There really should be no way to configure a lesser version of software to cost more than a better version of software on the same hardware.
VMware's competitors I'm sure will waste no time in taking advantage of this, much like the Netflix fiasco today I can hear the onslaught of customer outrage by this kind of change. It won't happen right away since well you can't get vSphere 5 yet.
Not even Oracle has had the balls to pull this kind of price hike on their customers, the biggest one I've seen from them has been in the ~30% range.
Red hat did something similar on their RHEL 6 last year increasing the price of the product by upwards of 260% for quad socket, and likely 300-500%+ more for 8-socket (Red hat doesn't even list pricing for higher than quad socket, and they used to have a product that supported "unlimited" sockets). Sticker shock going from $2500/system to $6500/system is not nearly as bad as this move from VMware of course, percentage wise it's bad but your still talking about a fraction of the cost of the hardware, vs VMware your talking about the hardware being a fraction of the cost of the software in many cases.
There isn't anything that I have seen that would justify the price increase, if you really need to scale _that_ high for I/O and CPU cores just run it on physical hardware. A million IOPS is roughly the equivalent of what - 4,000 15k RPM disk drives(assuming a highly efficient system)? Being able to drive a million IOPS - or even half a million IOPS from a single host is nothing more than a marketing gimmick. Just look at how VMware tested vSphere 4's (or was it 3, I forgot) I/O using SSDs a couple of years back, they had to use 3 EMC storage arrays connected to a single server to test with in order to drive that amount of I/O.

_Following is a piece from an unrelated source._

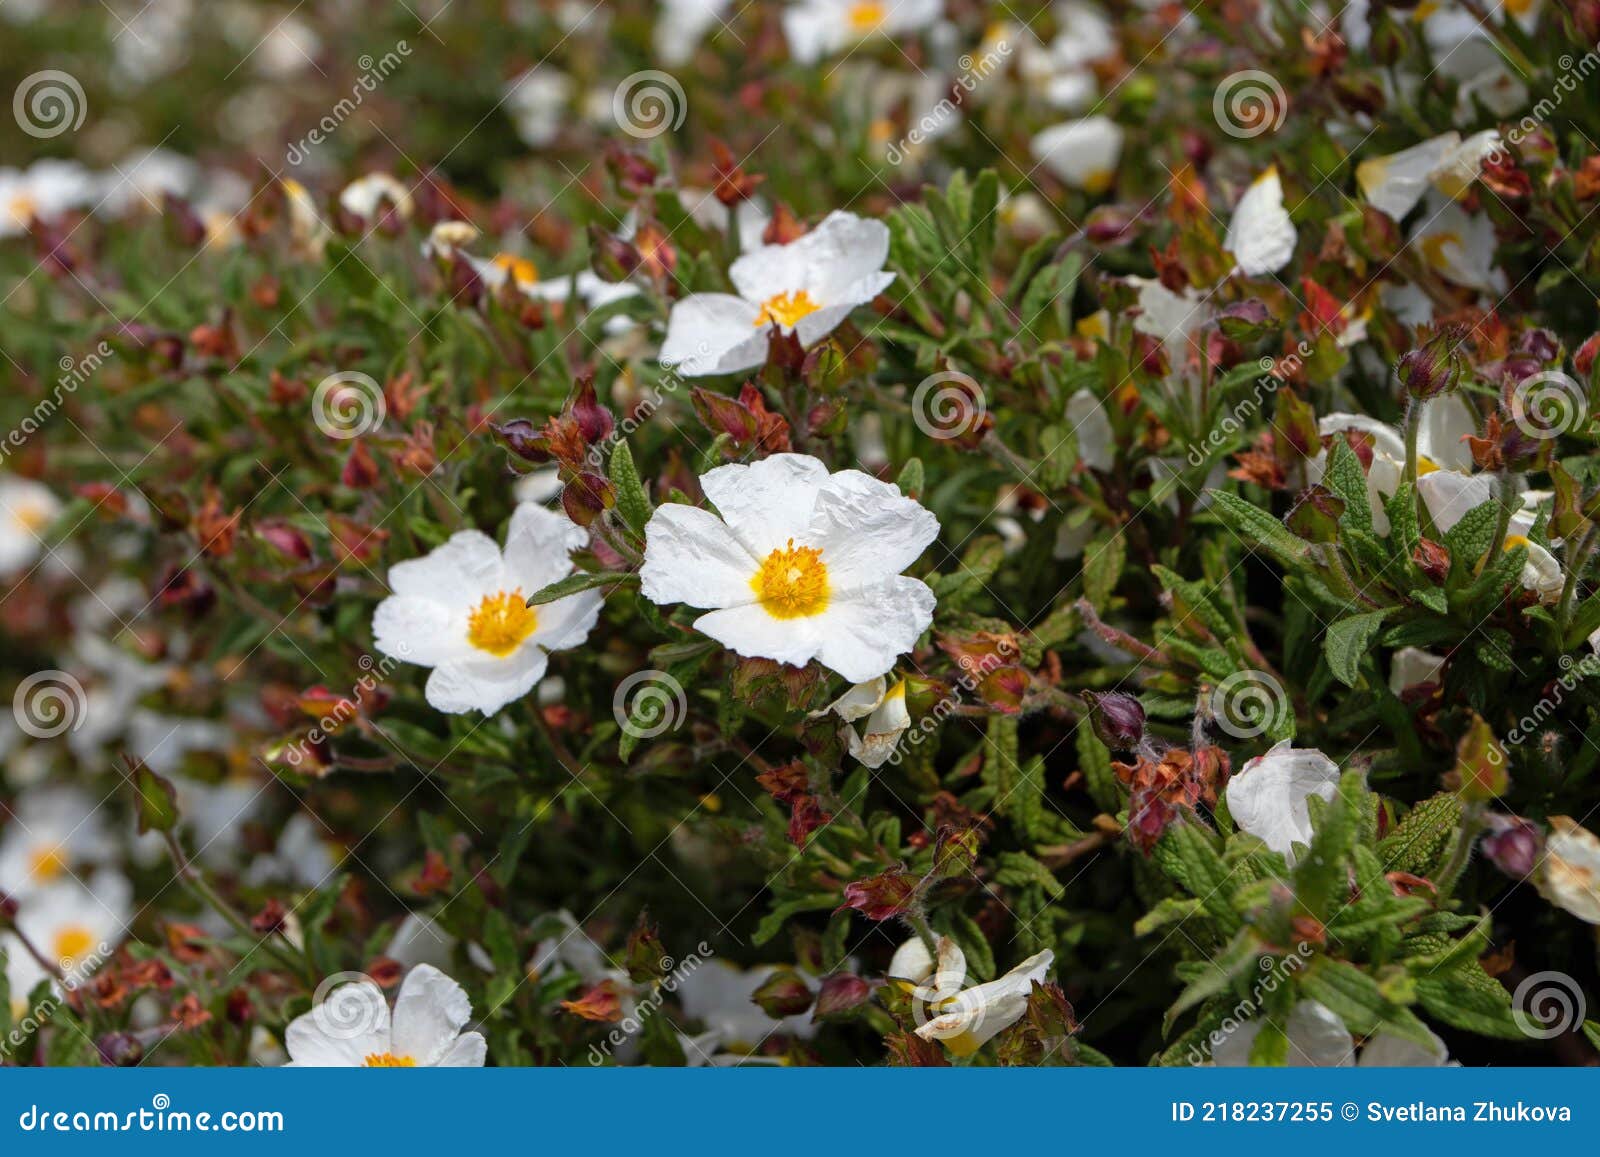 cistus salvifolius oder sageleaved rockrose white flowers

as a vmware customer/user for the past 12 years (since before 1.0), consider me disappointed by this move, and sad.
I just hope that they preserve vSphere 4 pricing for the vSphere 4 product line for the lifetime of the product. vSphere 4 is more than capable enough to run practically anything out there. There are indications that you can upgrade/downgrade licensing between vSphere 5, 4 and even 3.
who said there's not inflation in this (U.S.) economy?